A permanently on reversing camera is perhaps the best option. And looking at the price of manufacurers parts it might be cheaper than a pair of wider mirrors!


----------



## Auchmill (Oct 1, 2007)

I have a reversing camera, so I must check out this option. Didn't know they could be "always on".


----------



## richardjames (Feb 1, 2006)

*rear view*

Hi :lol: 
I use a SatNav which allows me to split the screen - half SatNav and half rear view.
regards
Richard


----------



## RichardnGill (Aug 31, 2006)

We have a Transit / Hymer and I found the same. But after a bit of careful adjusting it is now better or maybe I am just use to it now. The main problem is only when someone is very close behind you.

Richard...


----------



## citroennut (May 16, 2005)

don't worry what's behind unless there is blue light on it :lol: just worry what is beside or in front.  

simon


----------



## pippin (Nov 15, 2007)

The WAECO twin lens camera system LCD590 has just come down in price from £660 to £499!

Mine arrived yesterday and I have already experimented with it.

Temporarily (not for driving) fixed the camera using one of the screws that hold the high-level brake light.

Ran the cable in through a window.

I removed the totally redundant rear-view mirror from its mount and fixed the monitor in its stead.

The monitor is in exactly the same place that one is used to looking, at the mirror.

I have to say it is absolutely brilliant!

And I have not even used it in anger!

The picture can be changed between the downward angled fish-eye reversing lens and the rear-facing long-distance lens either by simply pressing a button on the monitor or automatically by a feed from the reversing light.
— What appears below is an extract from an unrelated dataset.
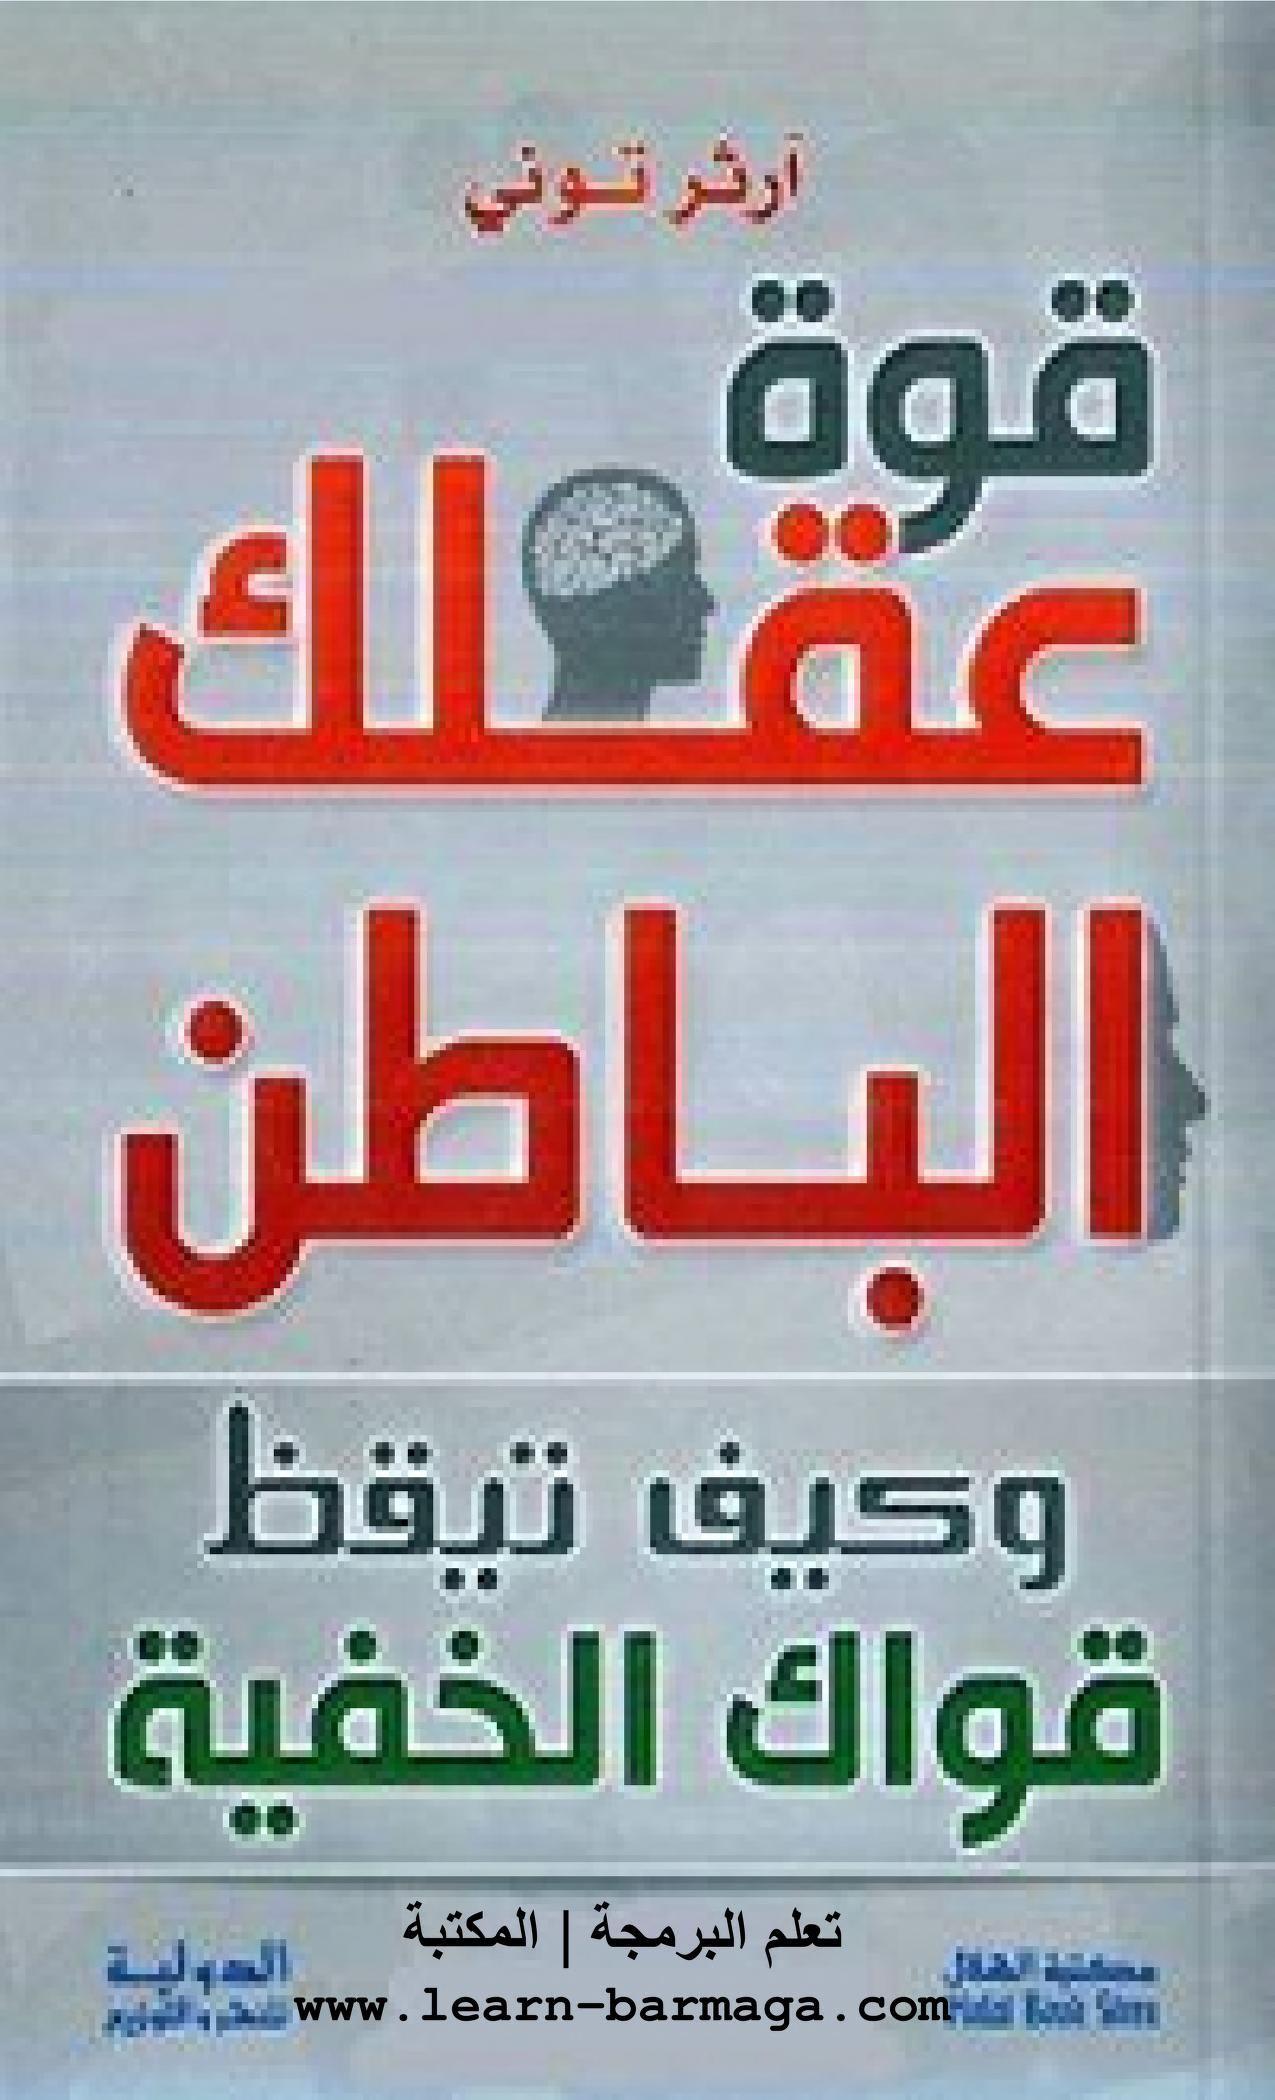 قراءة كتاب قوة عقلك الباطن بدون تحميل
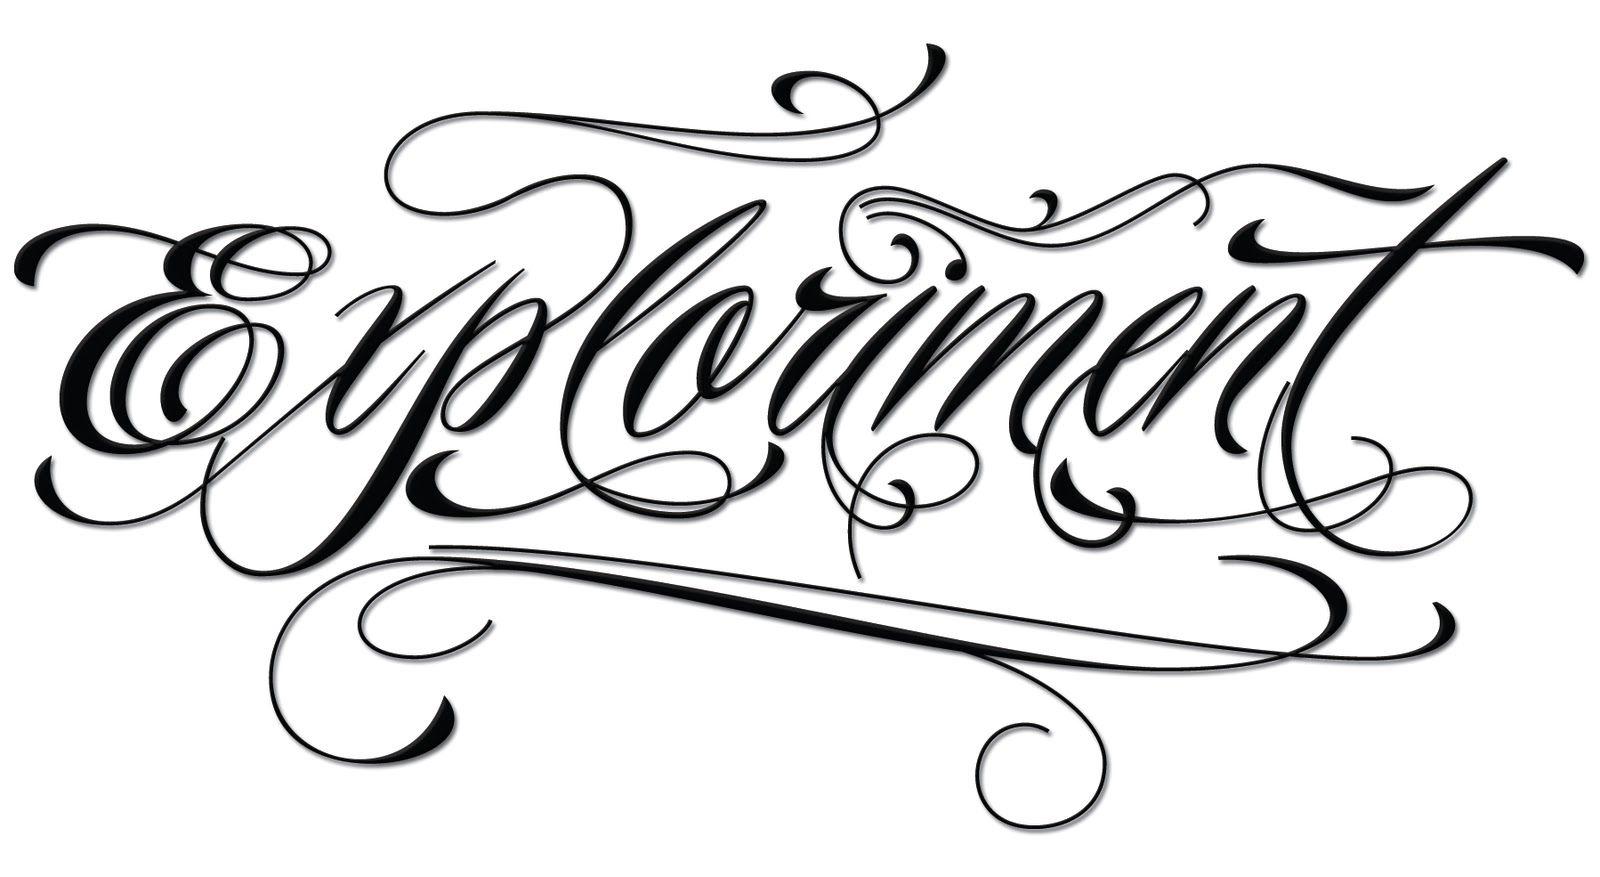 Tattoo Script Font Maker › Piel Script Tattoo Font.

I will not go to the trouble of tapping into the revesing lights as it is so simple just to manually select and in fact in many parking situations when inching forwards a rear-view of the bumper area is handy.

Seven months of ownership has shown us that parking manoeuvering is desperately tricky just using the mirrors, especially in the dark and rain.

Again, even when bowling along the blind spot behind the van is worrying.

Oh, and the camera even has a microphone so that instructions can be given easily by her indoors when outdoors giving parking help in tricky situations.

Watch this space!


----------



## 108717 (Dec 12, 2007)

Down to £499!????

I bought a camera on Ebay for 12.99. I bought a aDVD, MP3, WMA, radio in dash unit for £100.00. I wired it myself for.....er.....nowt! I don't know where these guys are getting their prices from. Even a decent camera is available on Ebay for sub £50.00. A monitor is available for IRO £70.00. Even if you part with top dollar you have to find the route for your camera feed yerself unless you pay for someone to do it (£250?). 

Guys I work with video technology day in day out and this technology is 1999 at the latest. Just buy the bits and fit it yerself! Breaks my heart to still see people charging £500+ for something you could import the bits for at about £100.00. The real skill lies in the fitting and that's on top!!!!


----------



## pippin (Nov 15, 2007)

I take your point.

However, I searched high and low on the web for an alternative (cheap) source of twin lens cameras that do the job of the WAECO.

Guess what? I could not find one!

I do not want the clutter of two separate cameras.

Having already had a staggeringly expensive repair due to reversing damage, I have a feeling that £500 is a small price to pay in terms of insurance excess and bumped up future premiums.


----------



## 108717 (Dec 12, 2007)

Faur comment Pippin. I suppose you get what you pay for. Having never seen the 2 side by side I couldn't say. Plus I have no doubt my ebay wonder will fail after about a year so it might be false economy but at least the wiring is there already. 

How does the twin lens thing work? Can you switch between 2 views?


----------



## pippin (Nov 15, 2007)

The long-view is the default camera. The parking camera switches on automatically in reverse.

Or simply select camera 1 or camera 2 using the button on the front of the monitor.

I have to say that the two different lenses produce views exactly suited to their purposes.


----------